By printing the species_counts, we can observe the number of occurrences for each species in the dataset. This information helps us understand species distribution and identify any imbalances or biases in the data.

💡

In simple terms, the value_counts() function allows us to count the occurrences of each unique value in a Series.

In this example, we count the occurrences of each species in the 'Species' column of the Iris dataset.

The result provides a frequency count for each species, helping us analyze the distribution of species in the dataset and gain insights into the composition of the data.

Learn More ➡️

10. Fill in Missing Values

The fillna() function in Pandas is used to fill missing or NaN (Not a Number) values in a DataFrame or Series. It allows you to replace missing values with specific values or methods like forward-fill or backward-fill.

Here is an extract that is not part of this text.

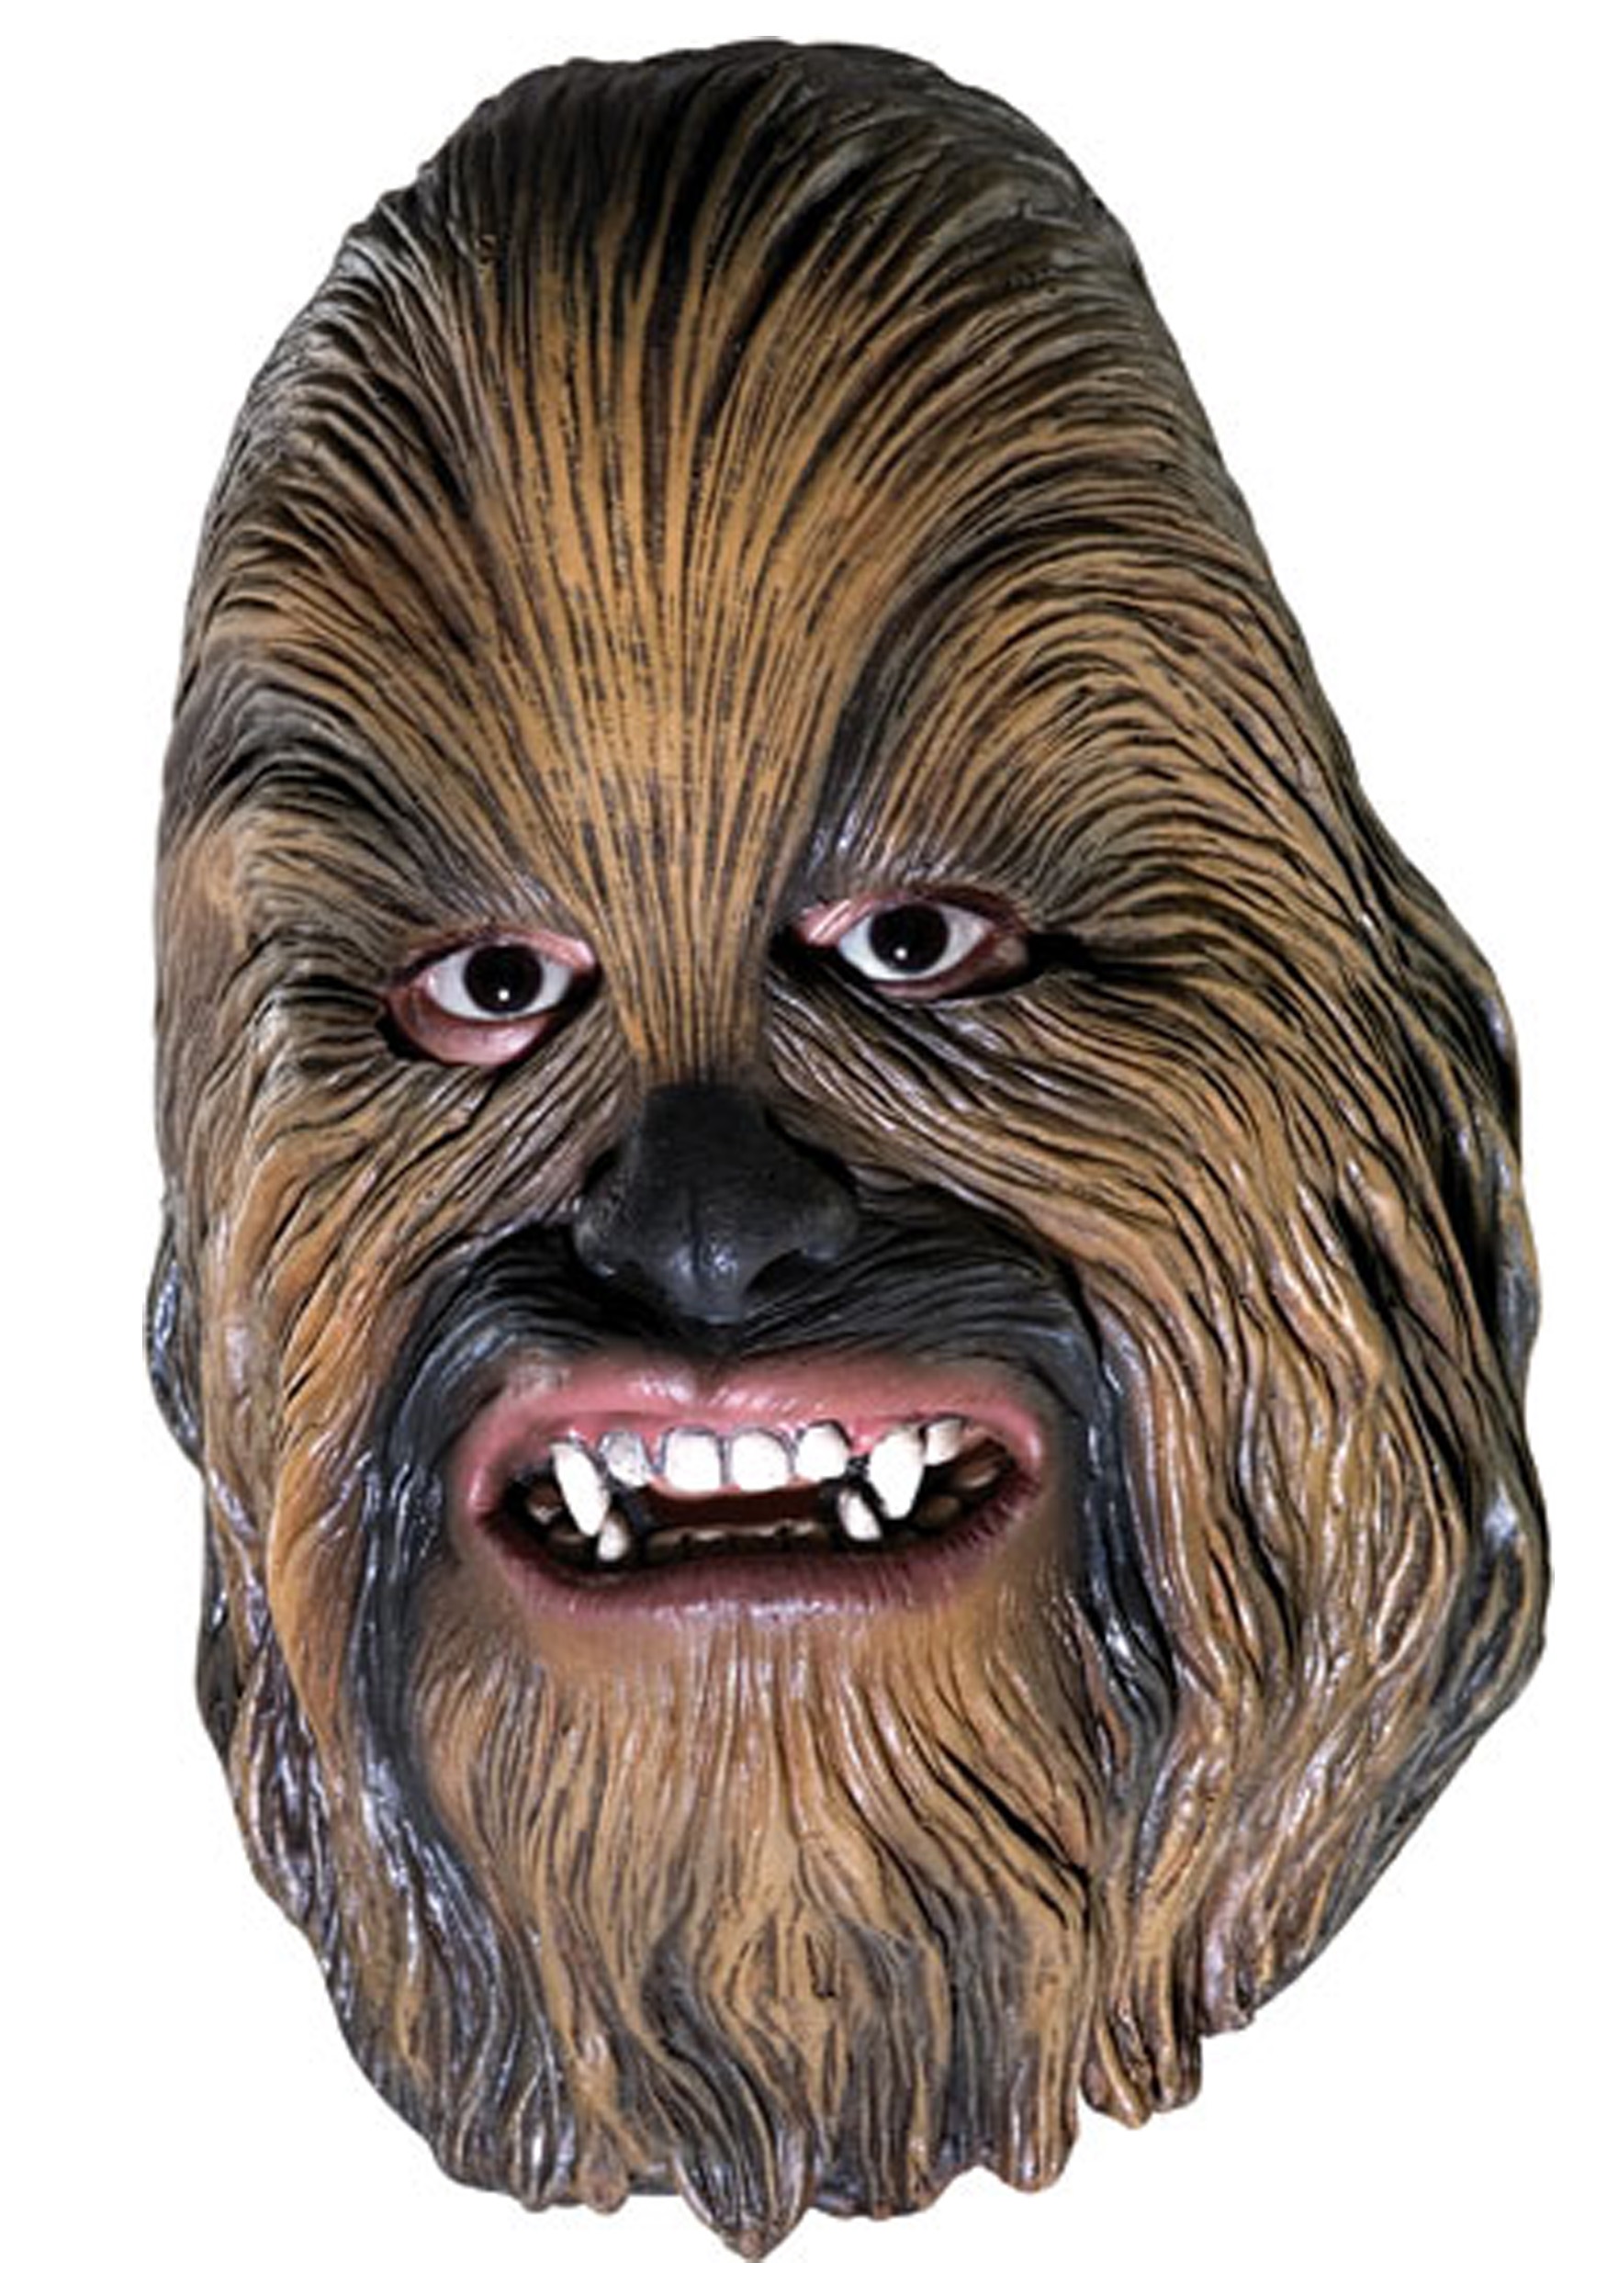 NOVELTY GIFT "Star Wars" Face Mask CHEWBACCA

This function helps in handling missing data and ensuring the completeness of the dataset.

Let's explore the usage of fillna() with a logical and real-life code example:

# Fill missing values in the 'sepal_width' column with the mean value
iris_df['sepal_width'] = iris_df['sepal_width'].fillna(
	iris_df['sepal_width'].mean())
    
print(iris_df['sepal_width'].isnull().sum())

We then use the fillna() function to fill any missing values in the 'sepal_width' column with the mean value of that column.

By calling iris_df['sepal_width'].mean(), we calculate the mean value of the 'sepal_width' column. The fillna() function replaces any missing values with this calculated mean value.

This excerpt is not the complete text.